Restate all the lines below word for word, but omit the pictures.

── Provided material ──

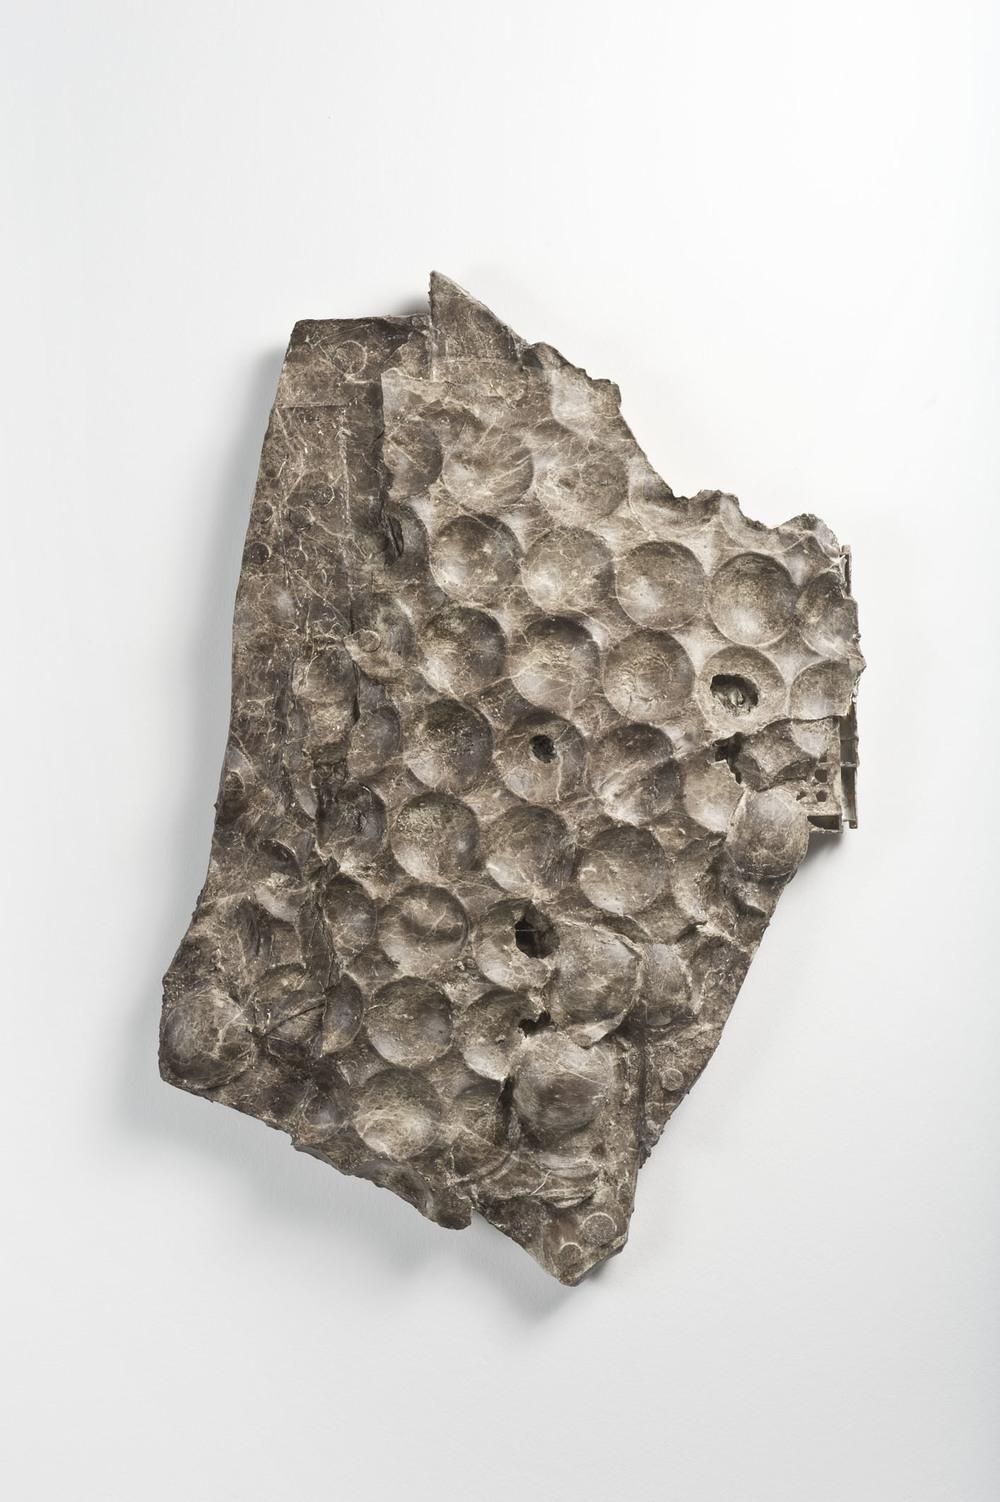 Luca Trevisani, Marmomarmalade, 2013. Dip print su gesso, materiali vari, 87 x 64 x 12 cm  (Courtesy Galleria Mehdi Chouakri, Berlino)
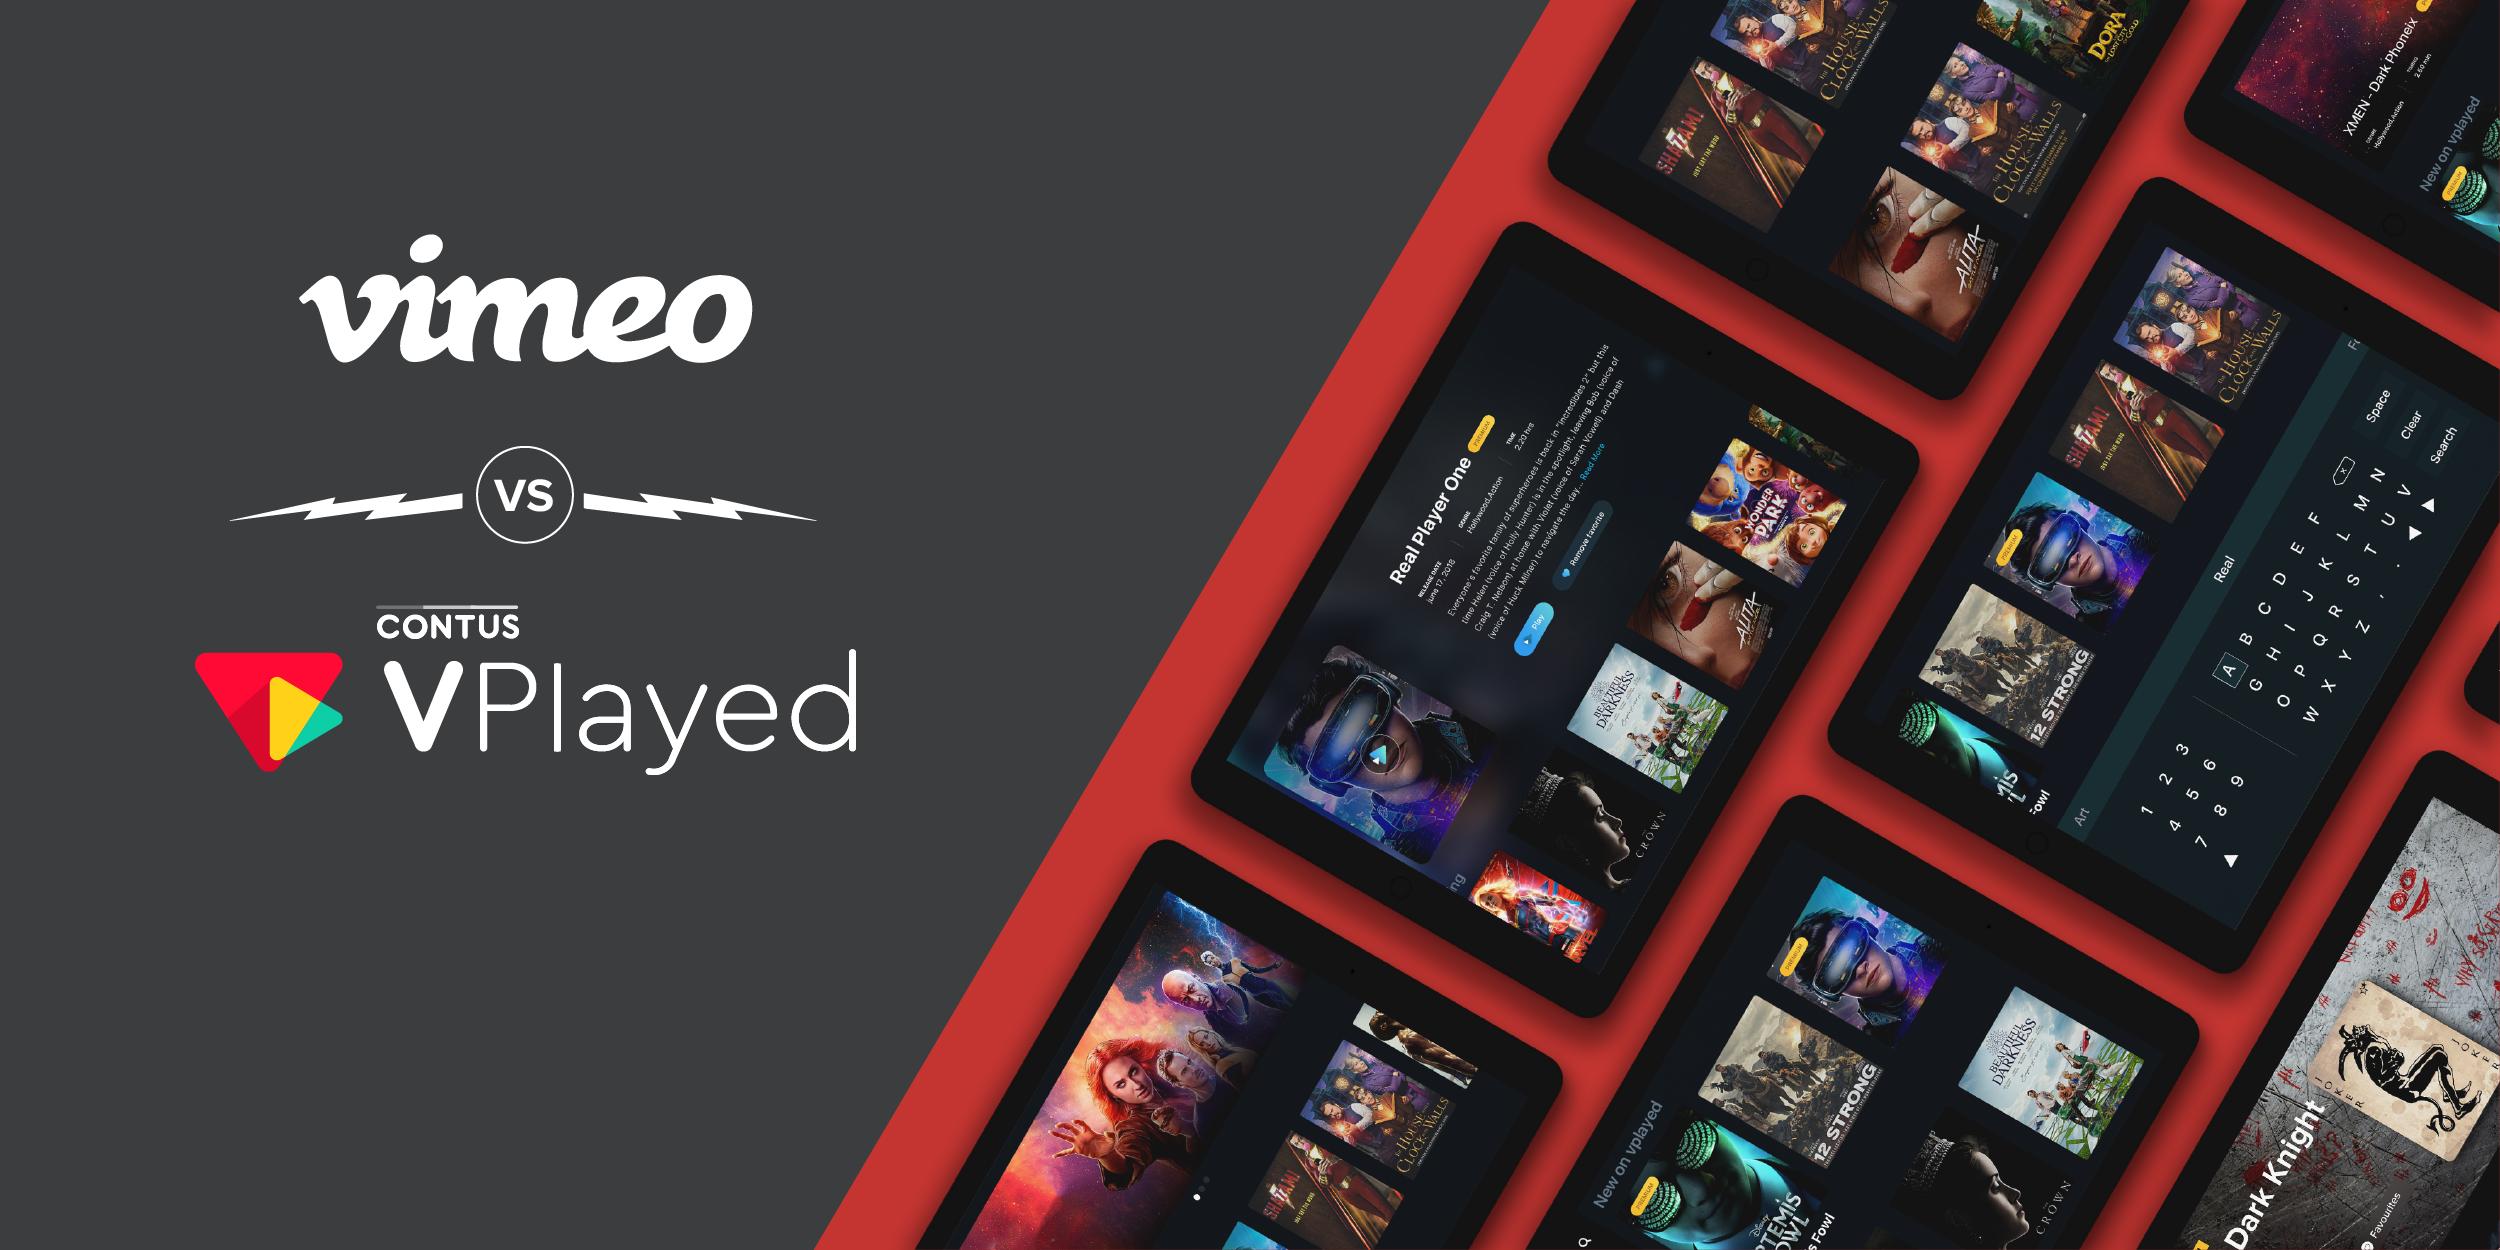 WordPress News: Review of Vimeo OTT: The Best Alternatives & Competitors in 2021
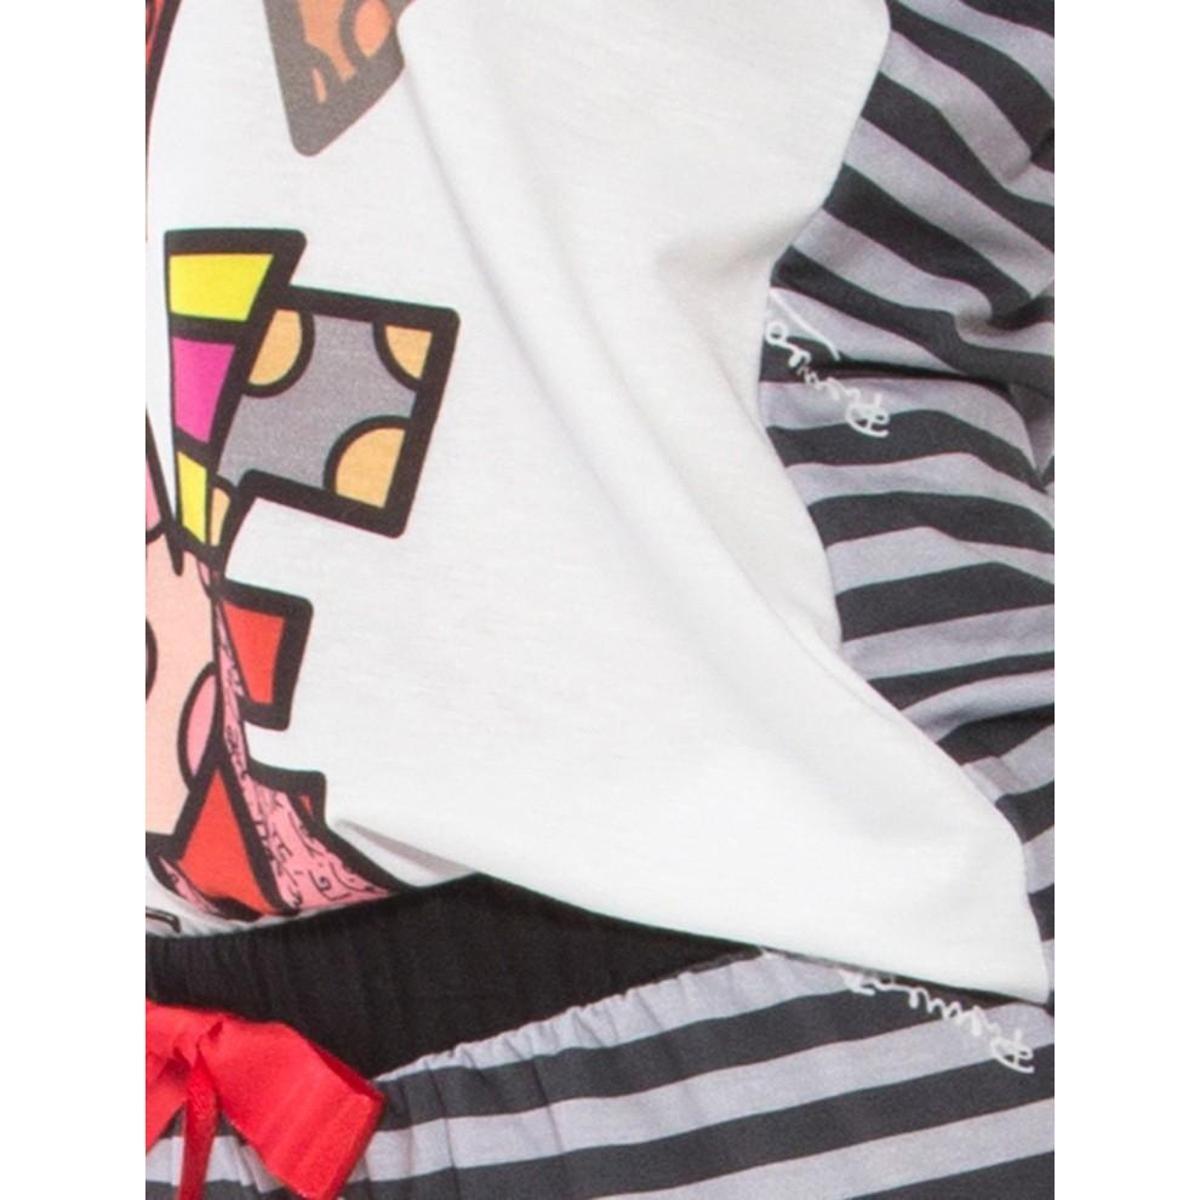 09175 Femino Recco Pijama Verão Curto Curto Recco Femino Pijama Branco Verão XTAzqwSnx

───

Solution for this task
 Luca Trevisani, Marmomarmalade, 2013. Dip print su gesso, materiali vari, 87 x 64 x 12 cm  (Courtesy Galleria Mehdi Chouakri, Berlino)
 WordPress News: Review of Vimeo OTT: The Best Alternatives & Competitors in 2021
 09175 Femino Recco Pijama Verão Curto Curto Recco Femino Pijama Branco Verão XTAzqwSnx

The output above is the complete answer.